森林地帯に、偽装して潜伏していたヘルメットワームが十機。飛び立ったそれはUPC空中部隊の不意を付き、戦闘機をパイロットごと破壊した。
同じく、森林地帯に潜伏していた、歩く小型ヘルメットワーム。かつて「アームズオプション」と呼ばれた歩行ユニットを取り付けた機体。それがUPC地上部隊へと奇襲を仕掛けた。
歩兵は薙ぎ払われ、装甲車や戦車などの地上戦力は一掃された。
「退け! 一旦退却しろ!」
前線で指揮を取っていた坂本が命令を下すが、兵士たちにそれは伝わらない。
予想外の伏兵に混乱したUPC軍は、混乱のきわみにあった。
当初予想していた敵戦力ならば、十分に対処できた。そのはずだった。若干有利だった状況で、希望の光が見え始めたその時。さらなる暗黒により、いきなり絶望がおとずれたのだ。
そして、その絶望をさらに強化する存在が、地下から出現した。
「地震? いや‥‥これは!」
坂本の言葉は、ある意味正しかった。それは「地震」の名前を冠したワームだったからだ。
アースクェイク、大地を揺るがし、大地を蹂躙する巨獣。
凶悪な大蛇にも、邪悪な大ミミズにも似たそれは、市街地を破壊し、坂本の率いていたUPC軍ことごとくを攻撃、これを殲滅させてしまった。
坂本が気がつくと、そこは軍の病院のベッドの上。
味方の損害は大きく、助かった者の数は多くは無いという。
「‥‥俺は、結局のところ、無力ということか」
いや、無力なだけでなく、無能というべきだろう。功を焦り、兵士を無駄死にさせてしまった事にはかわりない。UPCに忍び寄ってきた危機は、まさか自分だとは。
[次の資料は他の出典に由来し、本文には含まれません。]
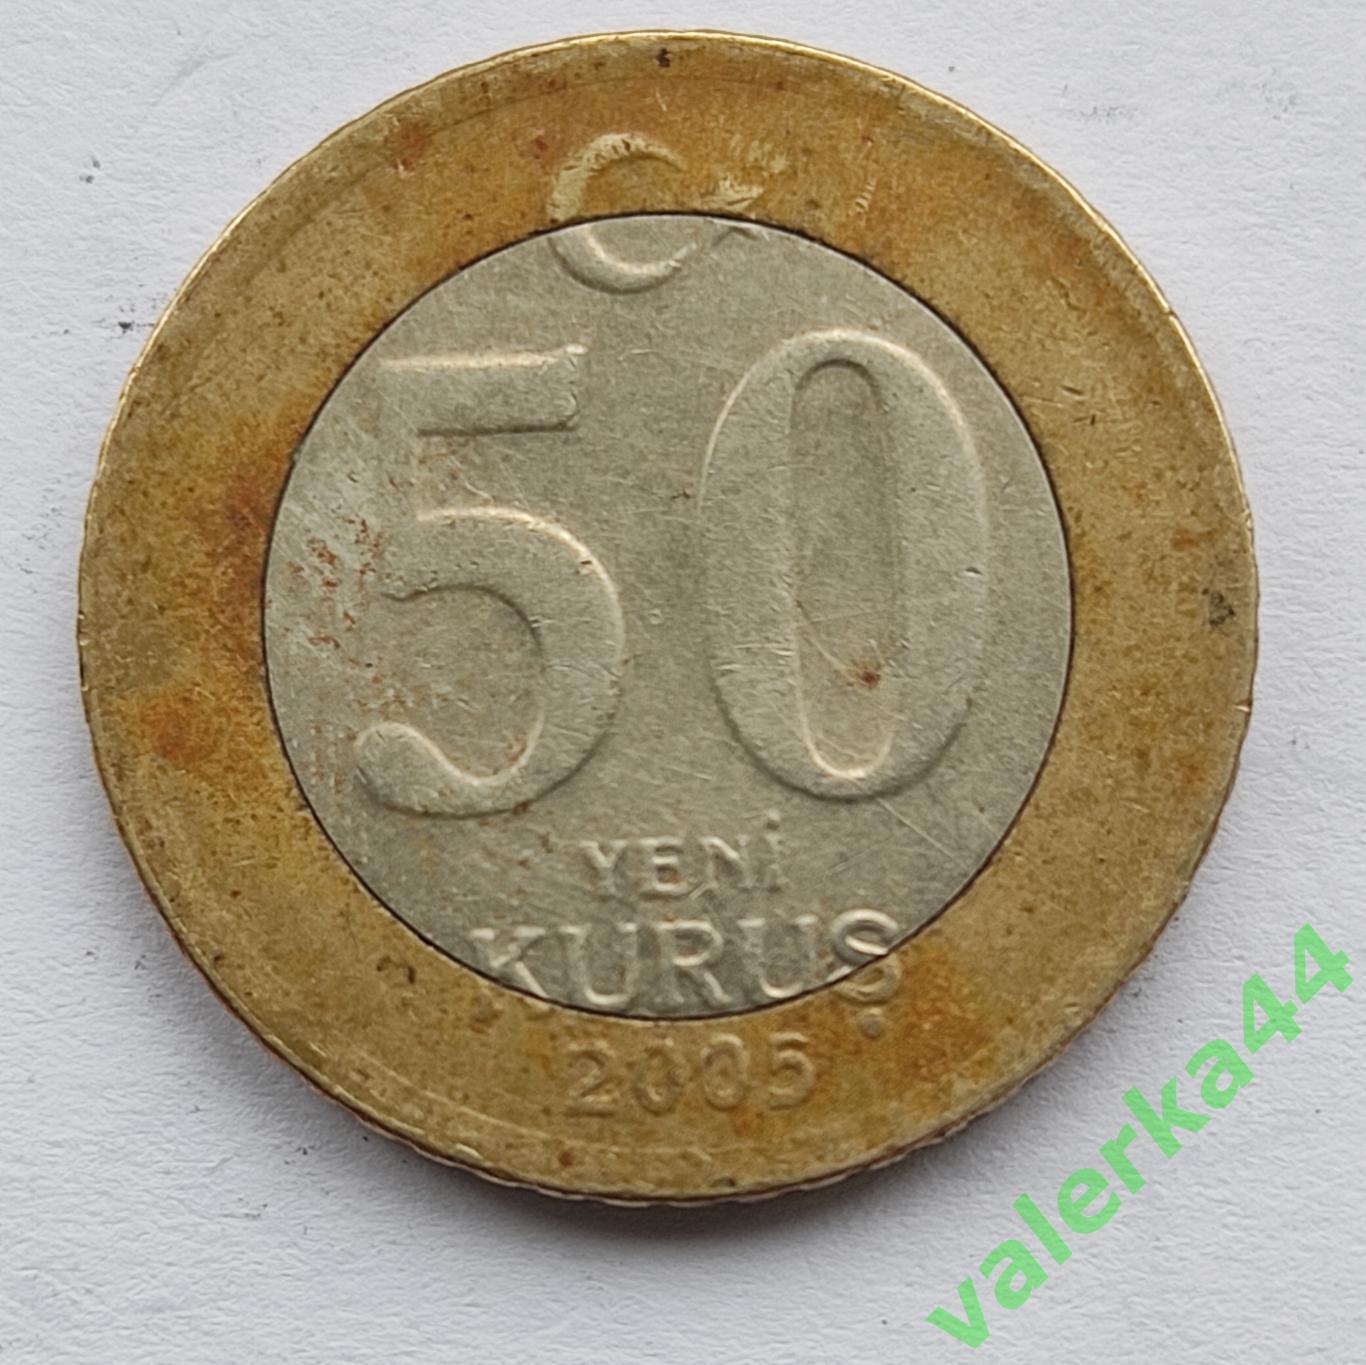 Турция 50 нов куруш 2005 1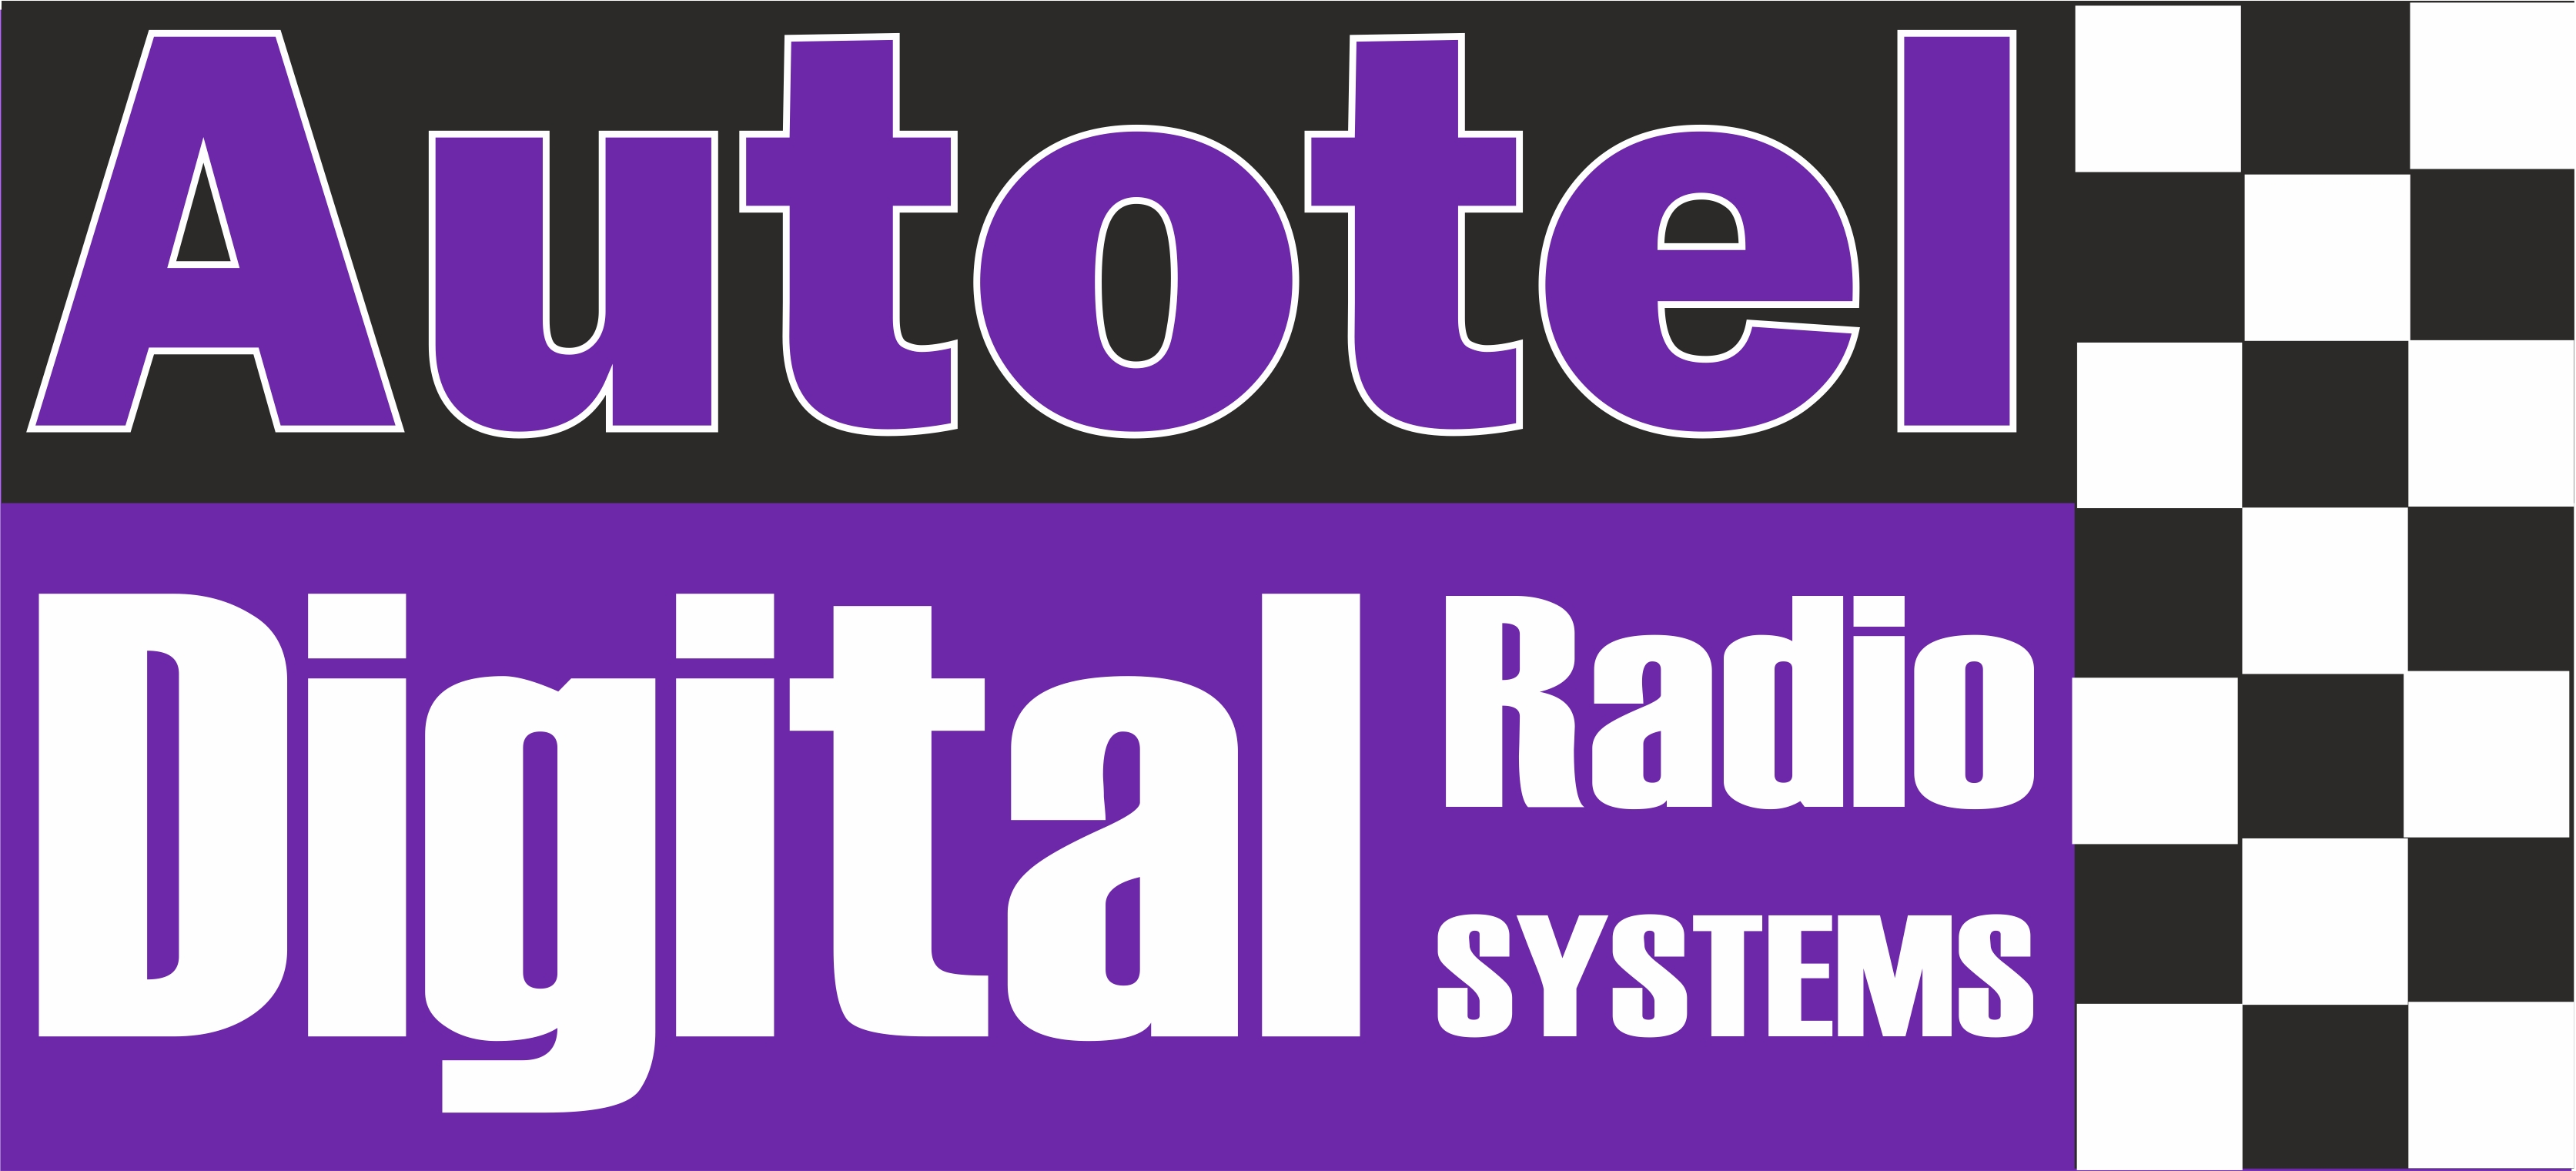 Autotel radio systems

それを思い起こし、彼は泣いた。声を上げず、静かに泣いた。
「‥‥そういうわけで、今現在坂本司令官は入院中です。自分は、代理の仙八副指令です」
坂本に比べてまだ若い男が、君たちの前に立っていた。
おなじみのブリーフィングルームにて、宮崎県宮崎市・高丘町花見に結集しているバグアについての対策にて。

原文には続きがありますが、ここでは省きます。